Regarding real-world implementation, growing evidence supports the feasibility and acceptance of digital health assessment tools among older adults in community settings. Studies have demonstrated that older adults are increasingly receptive to smartphone-based health apps and web-based questionnaire tools when they provide meaningful health information [45]. Furthermore, questionnaire-based screening tools similar to our HLI approach have been successfully implemented in primary care settings and community health programs, with evidence suggesting that older adults value receiving personalized health risk information when it is presented in an understandable format and coupled with guidance for improvement [46]. The integration of our HLI dashboard with existing health care workflows and community wellness programs could facilitate adoption while providing necessary support for interpreting results and developing action plans. In addition, research on health behavior change in older adults suggests that personalized risk feedback, when delivered appropriately, can serve as an effective motivator for lifestyle modifications rather than a source of distress, particularly when combined with self-efficacy building and social support [47]. However, while these studies demonstrate technical feasibility and user acceptance, further implementation research is needed to evaluate the real-world impact of tools such as the HLI on actual health outcomes, behavior change sustainability, and long-term well-being in diverse older adult populations.

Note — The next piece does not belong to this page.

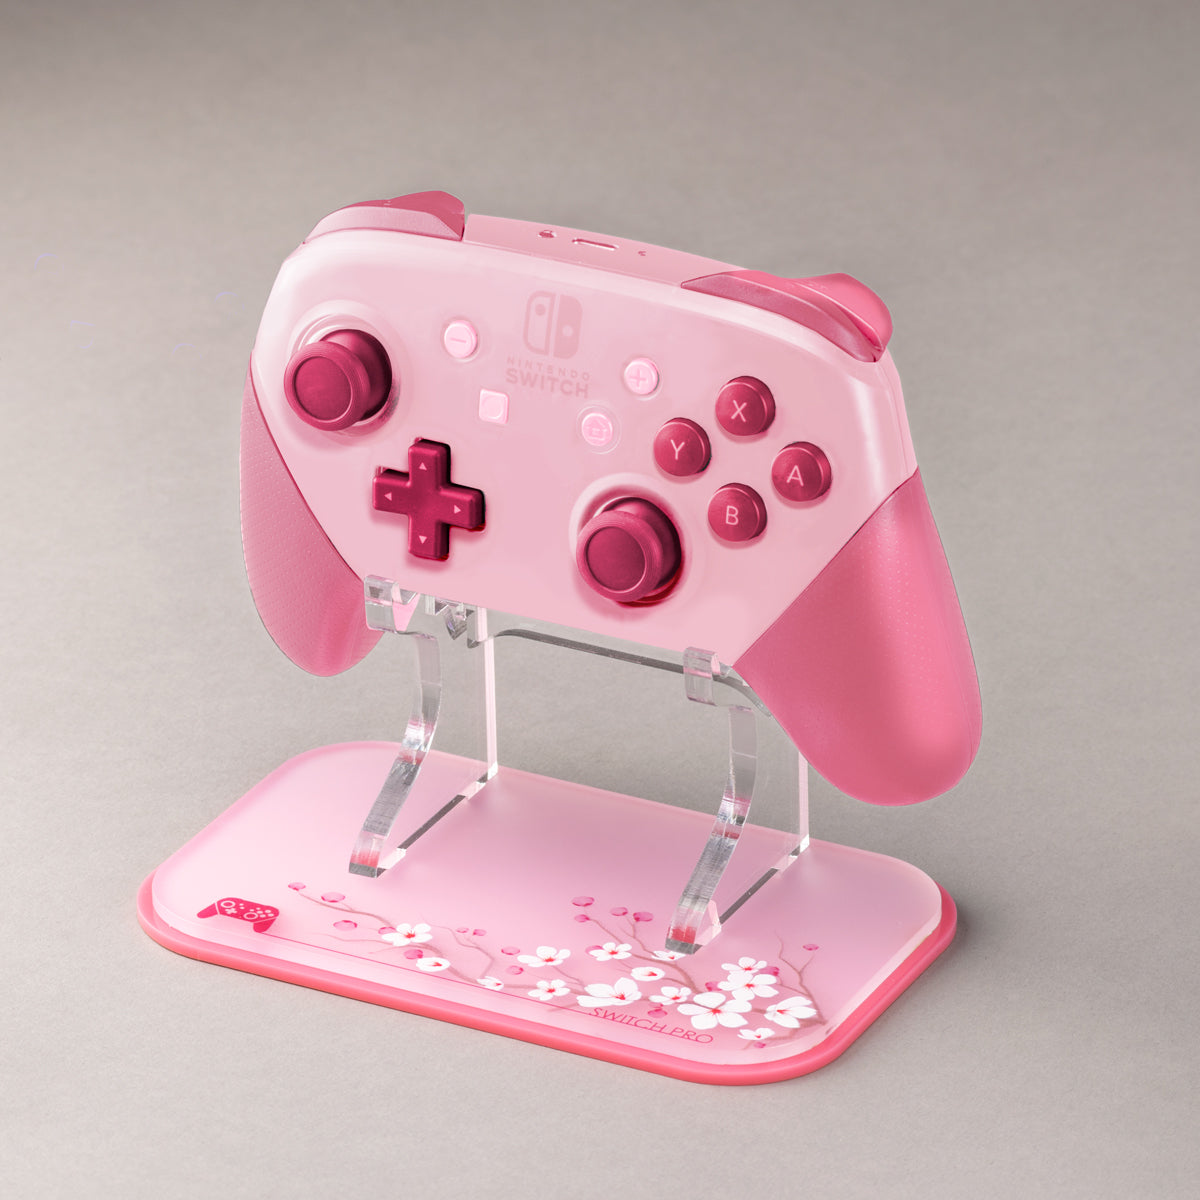 Sakura Blossom Switch Pro Display – Rose Colored Gaming

Building on this demonstrated acceptance among older adults, an important clinical application of the HLI lies in its potential to guide referral decisions and care pathways as individuals’ risk profiles change over time. Our tertile-based risk stratification system could serve as objective thresholds to support primary care clinicians in making timely referrals for specialist assessment [48]. For instance, individuals transitioning from low-risk to moderate- or high-risk categories may benefit from comprehensive geriatric assessment, referral to memory clinics for cognitive evaluation, or enrollment in structured fall prevention programs [49]. Furthermore, the granular assessment of IC domains within the HLI could help primary care providers identify which specific specialists (geriatricians, neurologists, or rehabilitation specialists) would be most appropriate for referral based on the individual’s risk profile [50]. While we do not yet have a well-designed clinical protocol for HLI-based referrals, prioritizing interventions that target modifiable risk factors—such as lifestyle behaviors, physical activity, IC maintenance, and chronic disease management—should remain the primary focus for translating risk assessment into actionable clinical care. However, formal validation of HLI-based referral thresholds and their impact on clinical outcomes, health care usage, and cost-effectiveness will be essential before widespread clinical implementation [51].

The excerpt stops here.